[Data Boundary: Start]
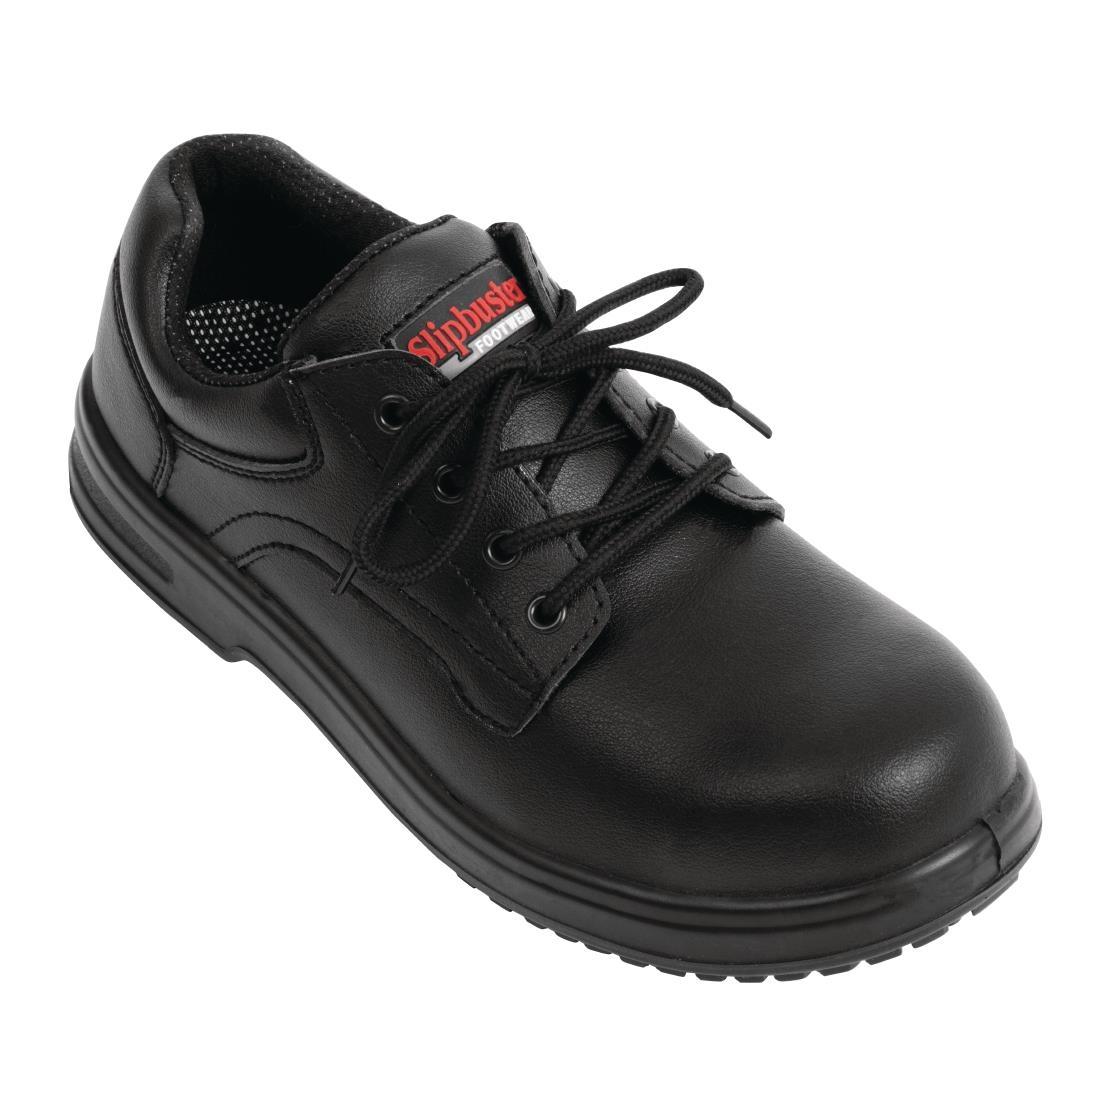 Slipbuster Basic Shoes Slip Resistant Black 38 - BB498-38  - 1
[Data Boundary: End]
[Data Boundary: Start]
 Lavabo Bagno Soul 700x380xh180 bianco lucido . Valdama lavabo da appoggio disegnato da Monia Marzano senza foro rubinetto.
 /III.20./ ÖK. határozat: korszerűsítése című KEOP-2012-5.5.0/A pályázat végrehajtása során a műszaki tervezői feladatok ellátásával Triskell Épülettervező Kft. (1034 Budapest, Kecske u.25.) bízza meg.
[Data Boundary: End]
[Data Boundary: Start]
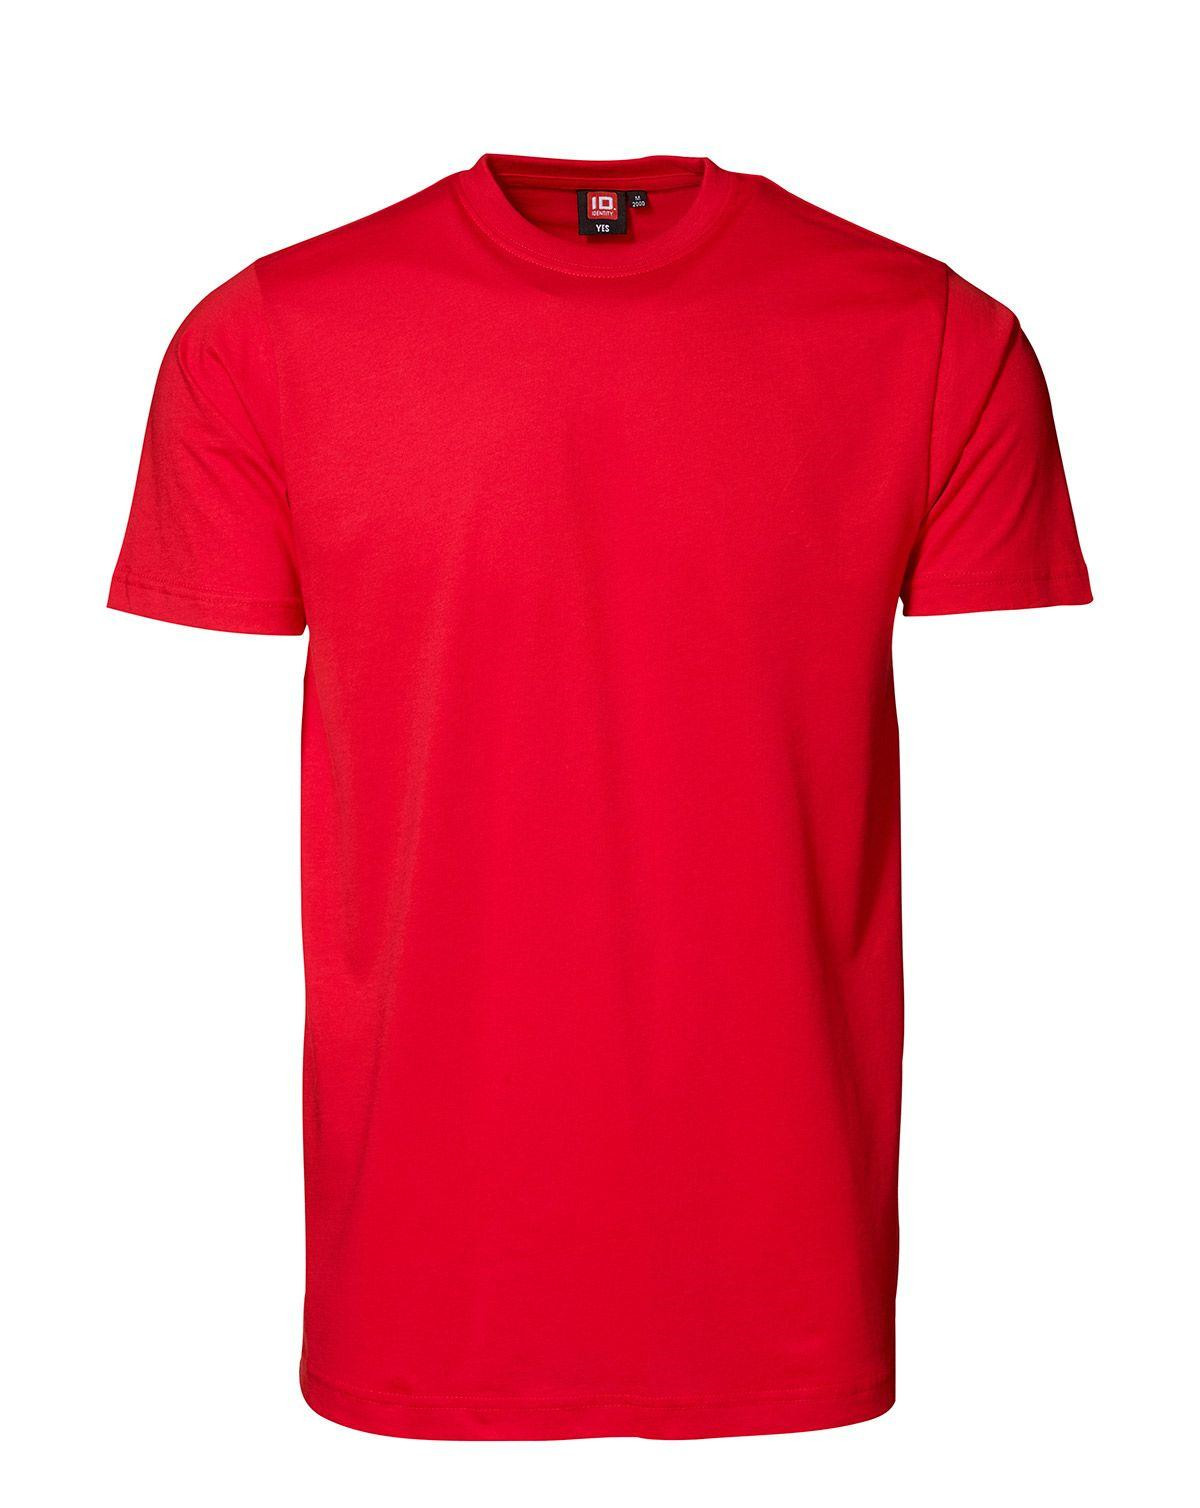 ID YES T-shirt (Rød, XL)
[Data Boundary: End]
▸ **Assignment**
Give back, exactly as written, the stretch from the line with "Lavabo Bagno Soul" through the line with "u.25.) bízza meg.", and no other lines from the records above.

▸ **Response below**
 Lavabo Bagno Soul 700x380xh180 bianco lucido . Valdama lavabo da appoggio disegnato da Monia Marzano senza foro rubinetto.
 /III.20./ ÖK. határozat: korszerűsítése című KEOP-2012-5.5.0/A pályázat végrehajtása során a műszaki tervezői feladatok ellátásával Triskell Épülettervező Kft. (1034 Budapest, Kecske u.25.) bízza meg.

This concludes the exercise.